Wednesday, July 12, 2017

Cleave Poetry

By Editor in Chief Mary Bast

Typically for these blog posts, I search the web for lessons and links relevant to the work we've published. And as a poet I've experimented with poems broken into parts. But I've only found one site that refers to these as "cleave" poems. The Cleave hasn't been active since 2010, but I like the description there of "a poem that is really three poems:"
  • two parallel vertical poems (left and right)
  • a third horizontal poem that fuses the vertical poems
The verb "cleave" is a perfect label, with its two opposite meanings: (1) "to sever or divide along a natural grain or line" and (2) "to stick fast, to become strongly involved or emotionally attached to."

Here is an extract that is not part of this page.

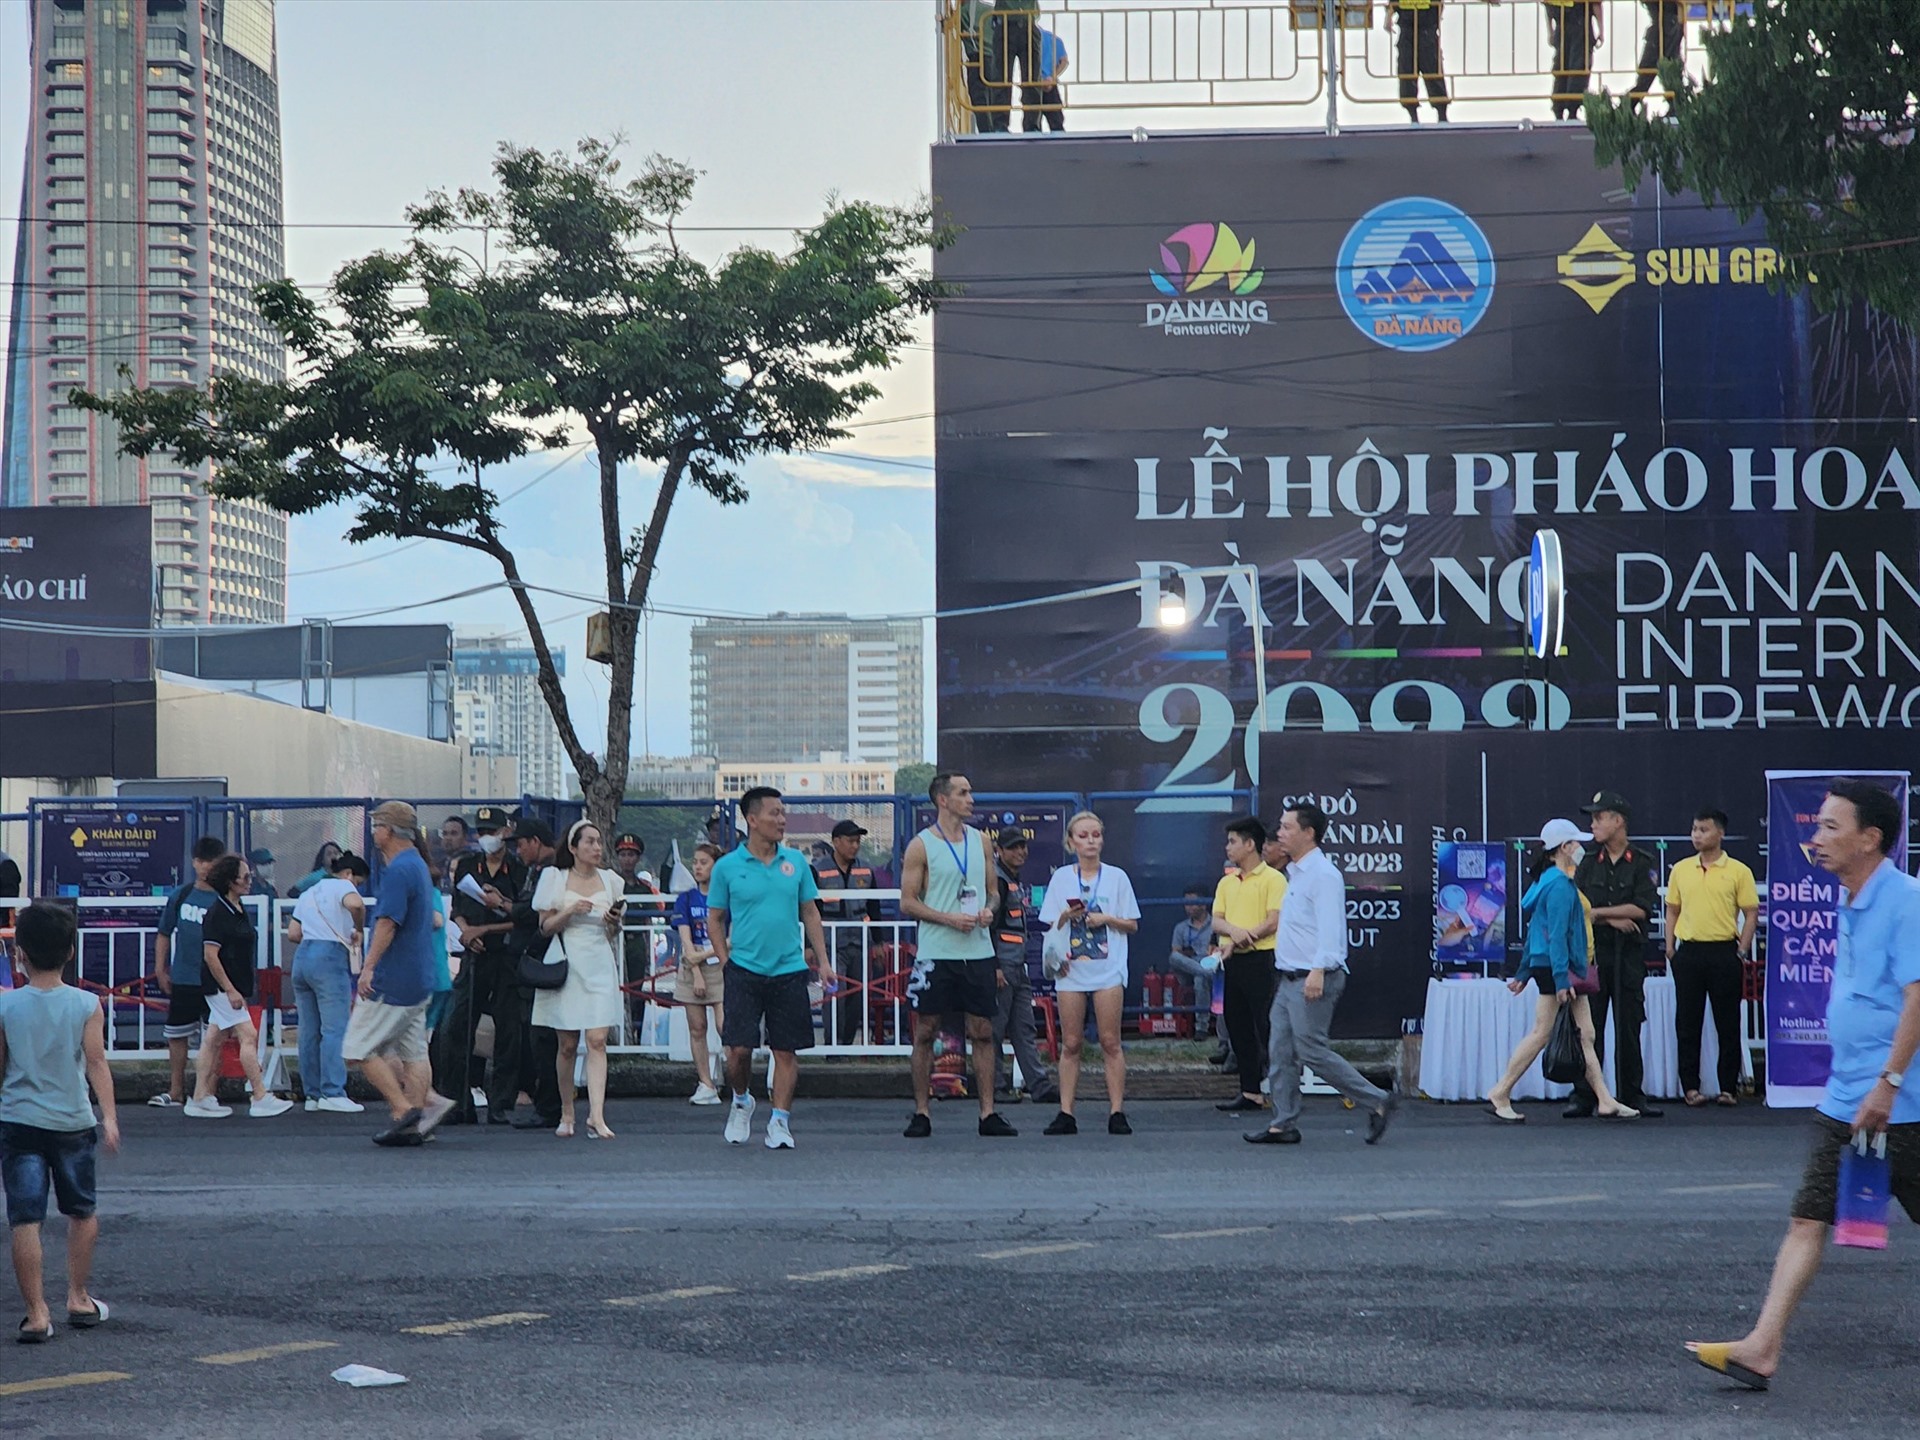 Đêm chung kết pháo hoa quốc tế Đà Nẵng được tổ chức vào đêm 8.7 dự kiến thu hút 65.000 khán giả đến xem trực tiếp. Ảnh: Thùy Trang

Last year's Poetry Editor Kaye Linden and I particularly love Jacob Trask's "Splintered" (Bacopa Literary Review 2016) because it does all of the above, and also reflects upon itself in its title and its shape:
                Splintered

     the crack   in the frame
      is thin   almost nonexistent
    it runs   parallels
  from top   peak
    of jamb   too far
        almost   impossibly
   to the floor   it's in my head
    only through   this determined
     observation   everything
              all of it   the thought of it even
has been found   scarred, maybe
 deeply fractured   broken

Jacob Trask is a graduate student studying English with a focus in creative writing, The College at Brockport, State University of New York.